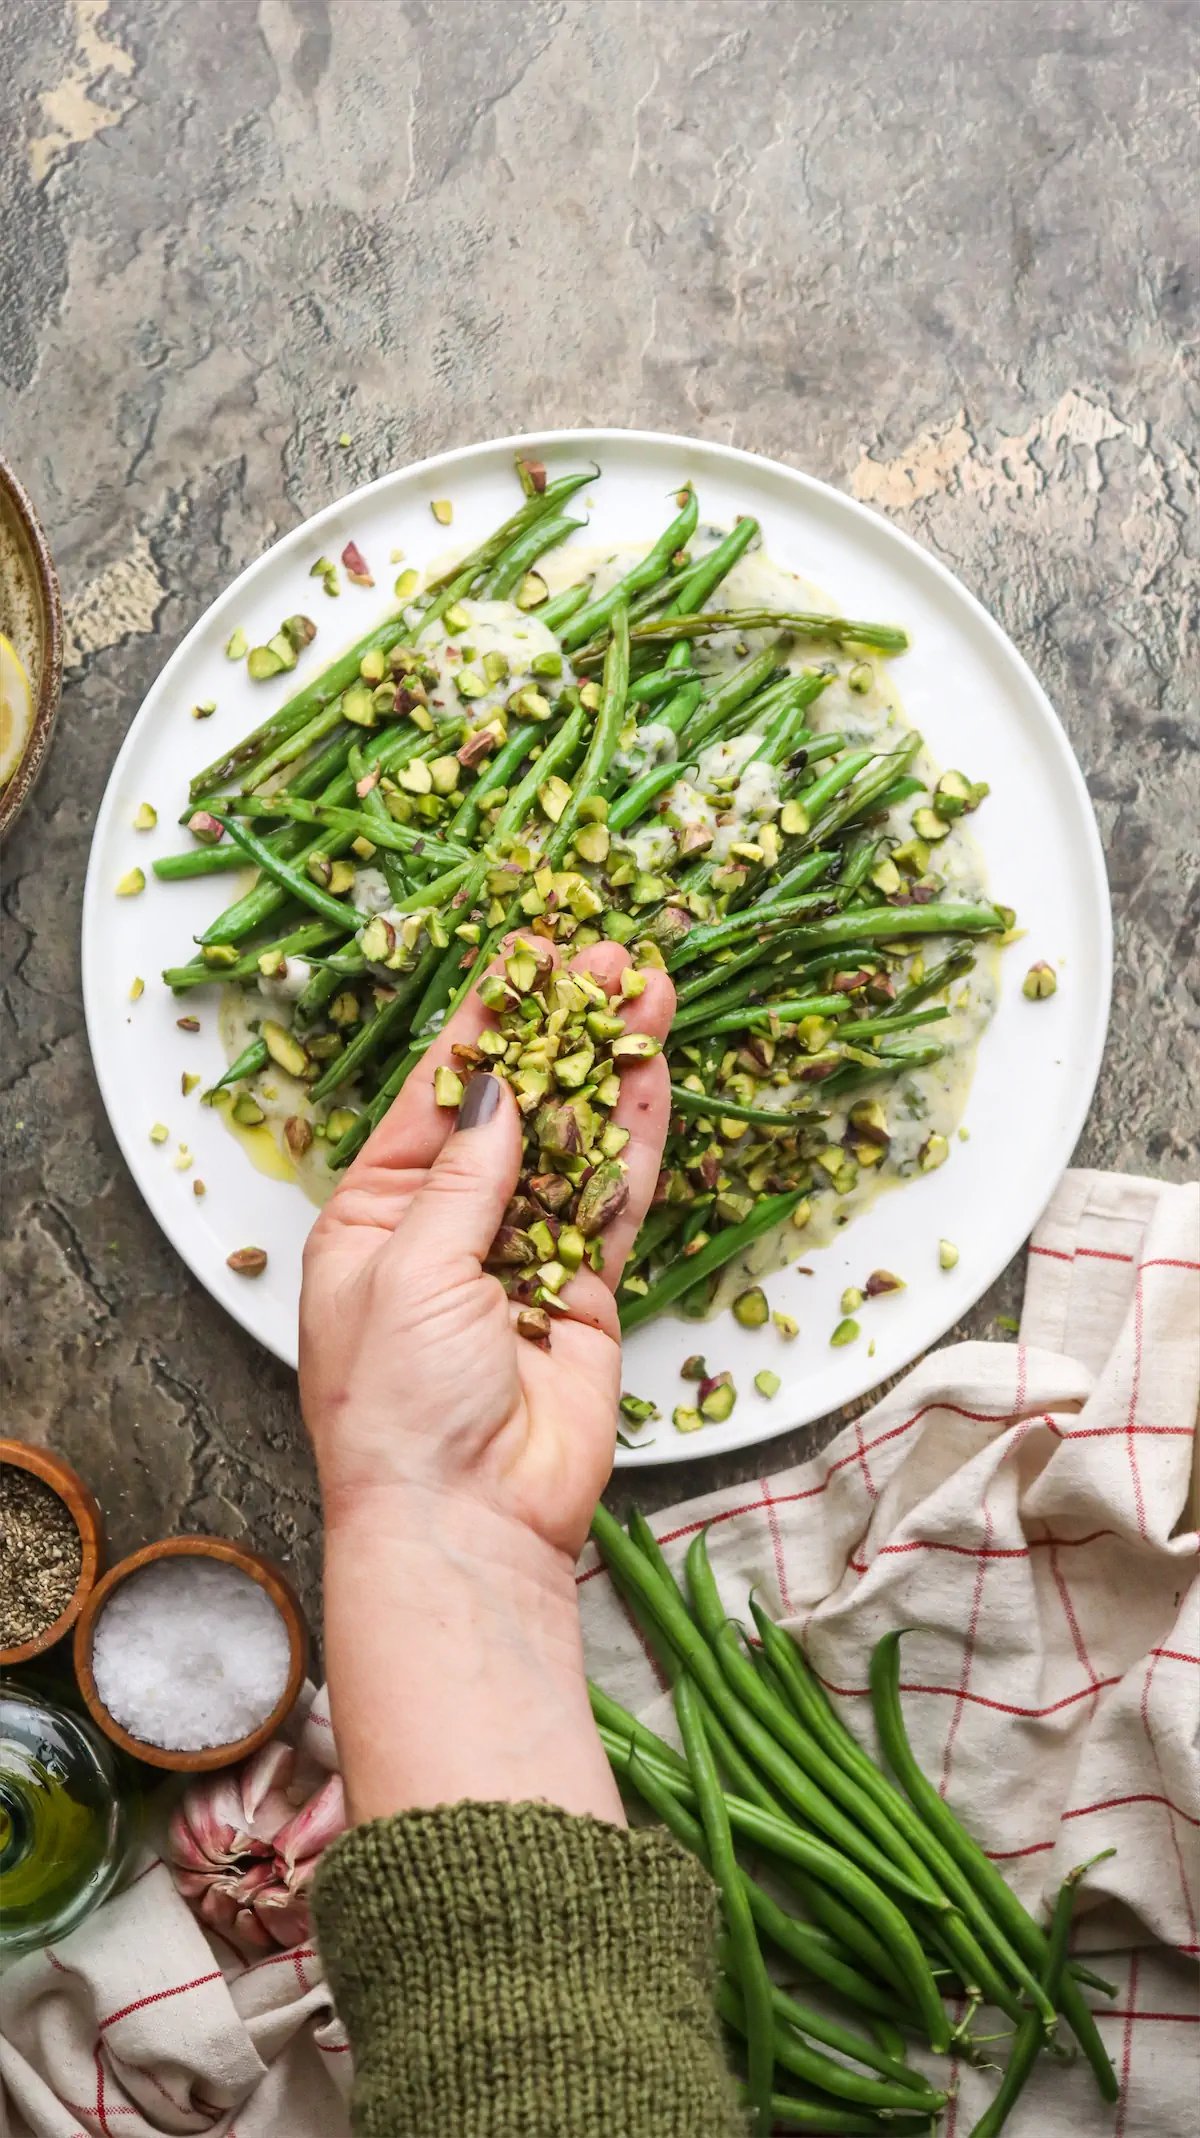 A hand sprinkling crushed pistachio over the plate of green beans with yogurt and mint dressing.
* * *
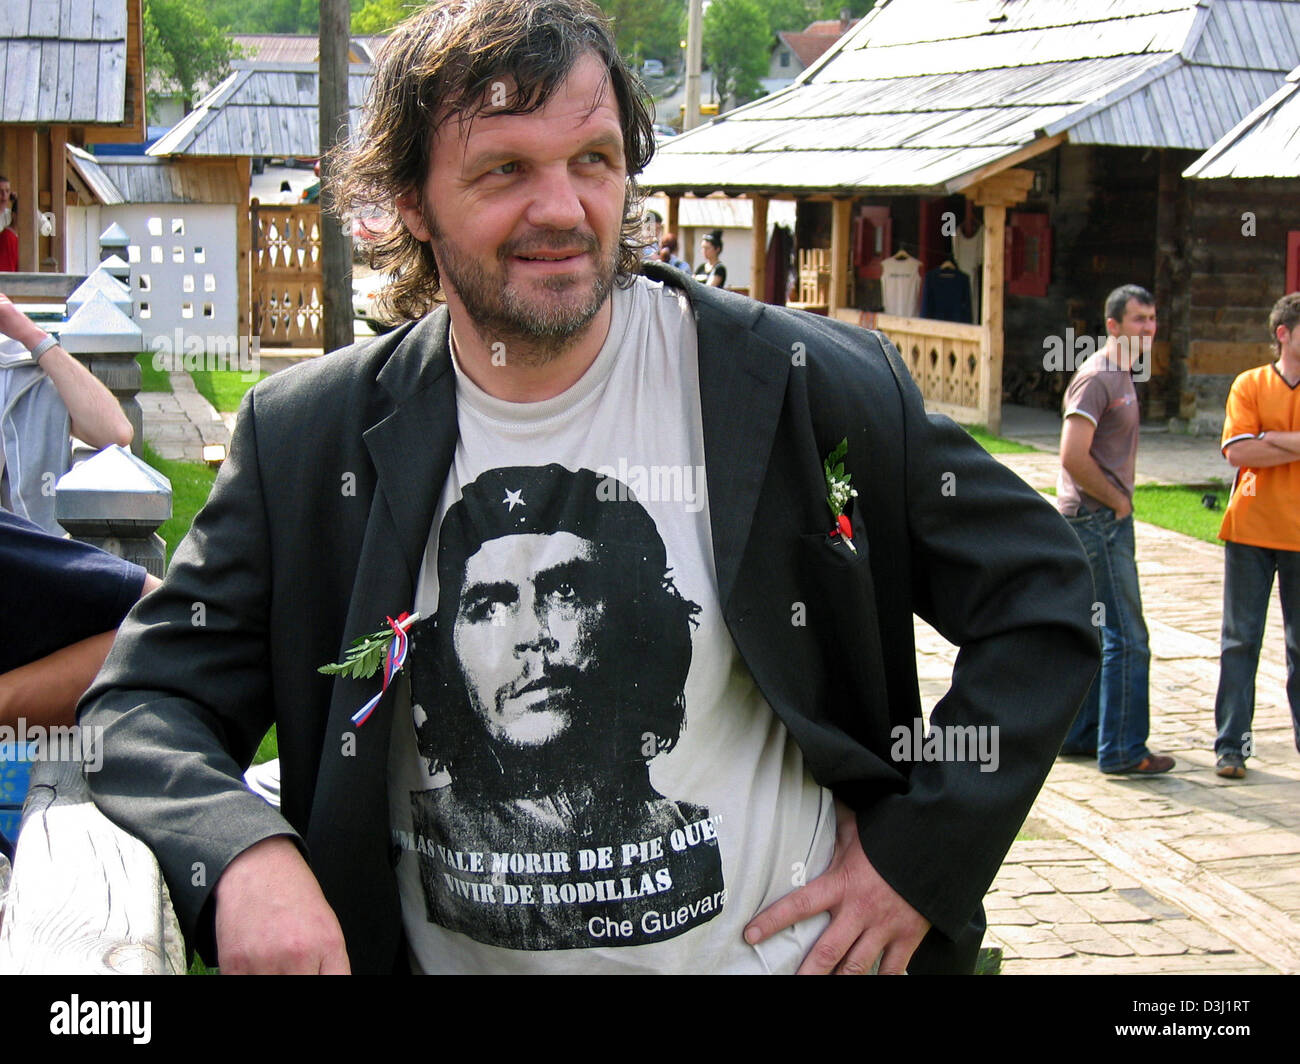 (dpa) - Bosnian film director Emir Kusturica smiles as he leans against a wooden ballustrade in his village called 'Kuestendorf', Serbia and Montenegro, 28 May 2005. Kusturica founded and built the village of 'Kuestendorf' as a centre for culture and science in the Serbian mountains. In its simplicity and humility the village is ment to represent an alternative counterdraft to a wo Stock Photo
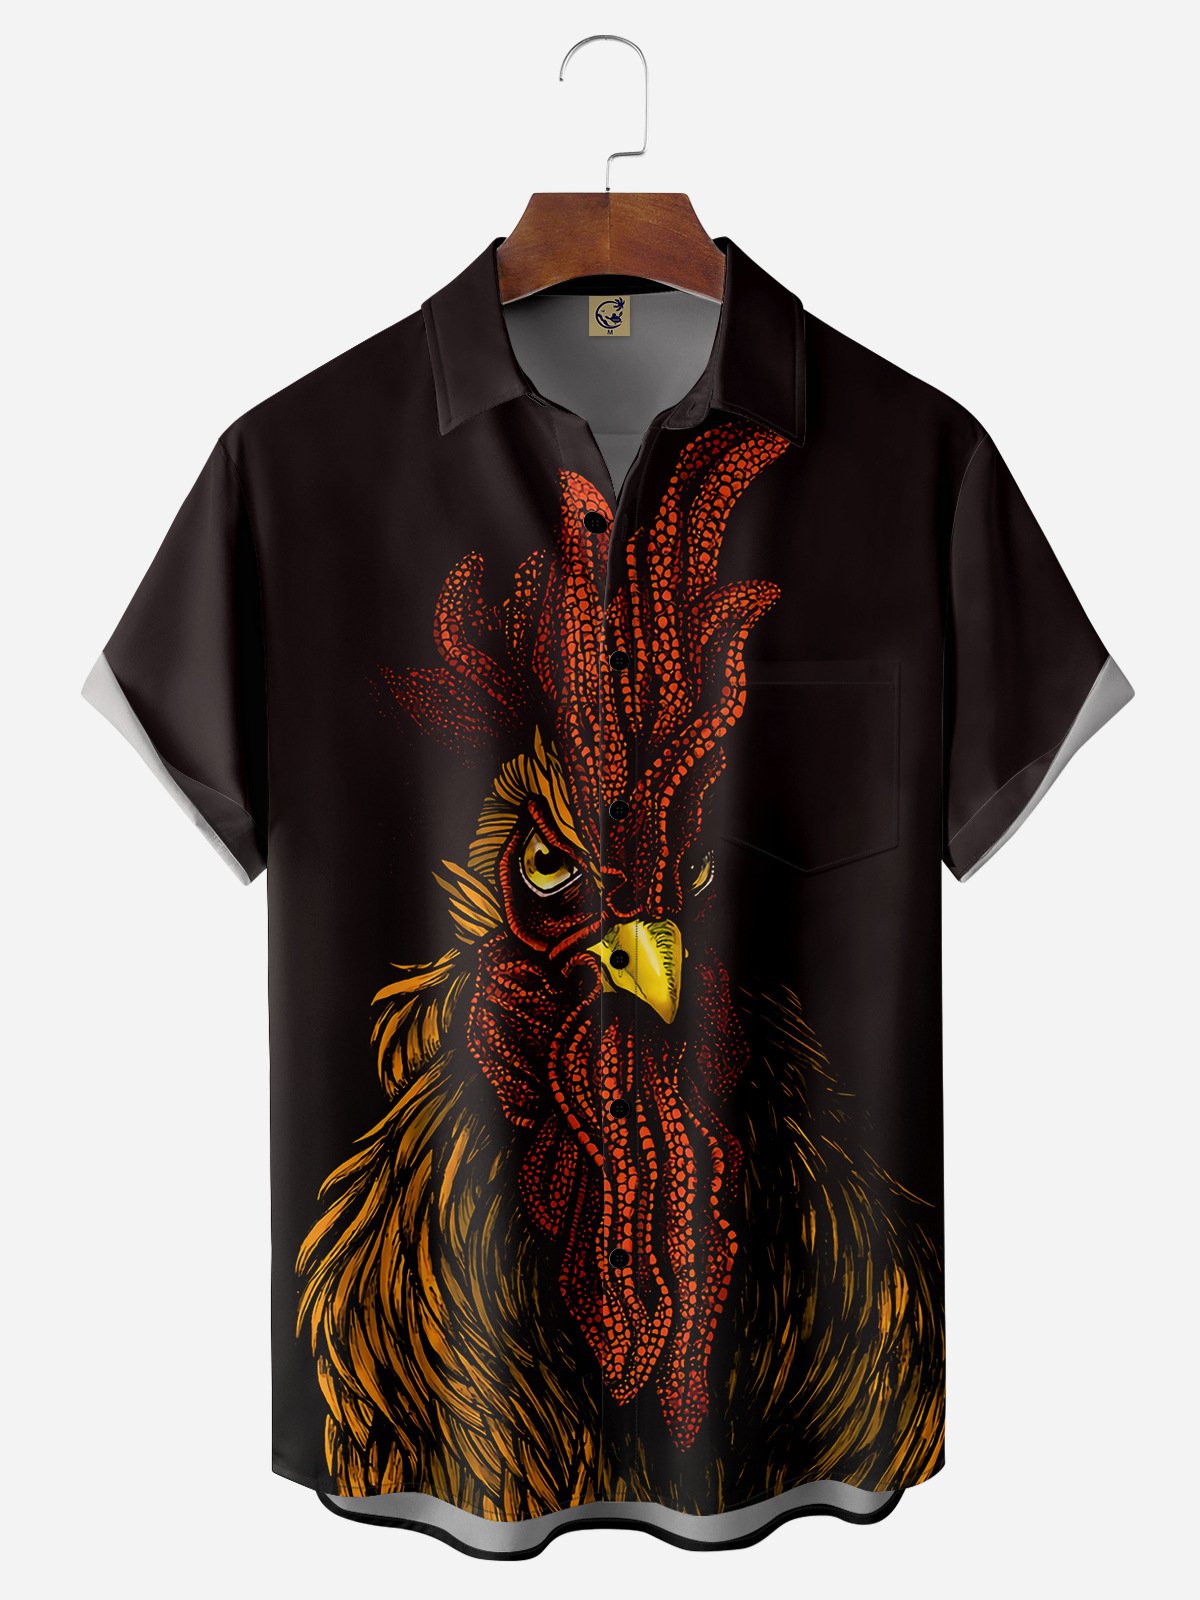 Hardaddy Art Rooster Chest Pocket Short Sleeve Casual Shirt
* * *
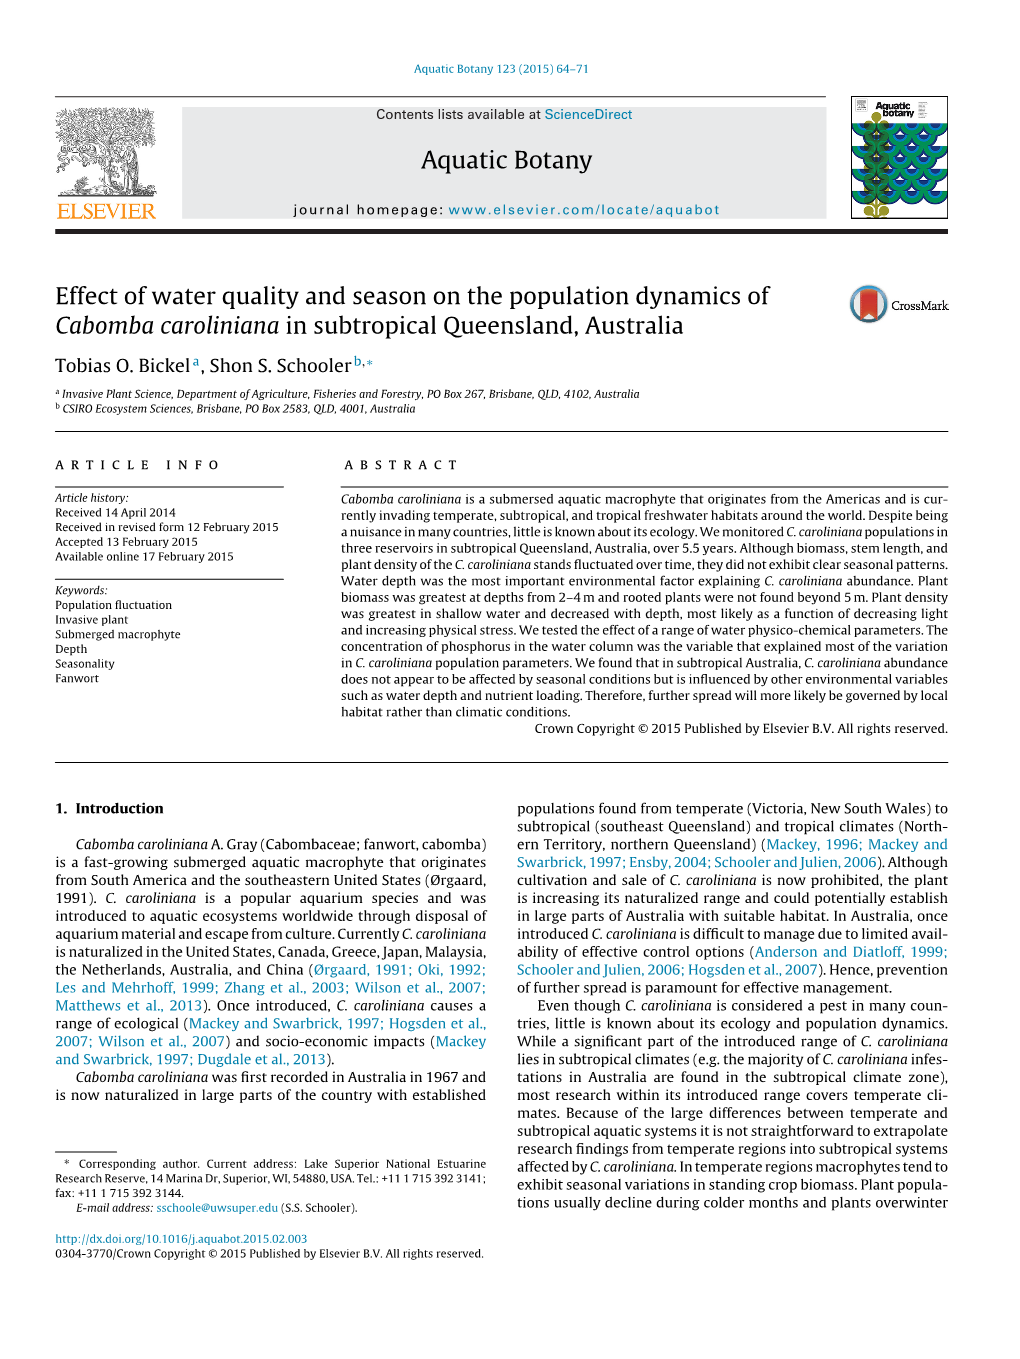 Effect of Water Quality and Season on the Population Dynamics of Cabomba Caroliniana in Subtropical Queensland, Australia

> _TASK TO CARRY OUT_:
An exact copy is needed of the entries above, starting at the line that holds "(dpa) - Bosnian" and stopping at the line that holds "Hardaddy Art Rooster", both kept; pictures stay out.

> _SOLUTION BELOW_:
 (dpa) - Bosnian film director Emir Kusturica smiles as he leans against a wooden ballustrade in his village called 'Kuestendorf', Serbia and Montenegro, 28 May 2005. Kusturica founded and built the village of 'Kuestendorf' as a centre for culture and science in the Serbian mountains. In its simplicity and humility the village is ment to represent an alternative counterdraft to a wo Stock Photo
 Hardaddy Art Rooster Chest Pocket Short Sleeve Casual Shirt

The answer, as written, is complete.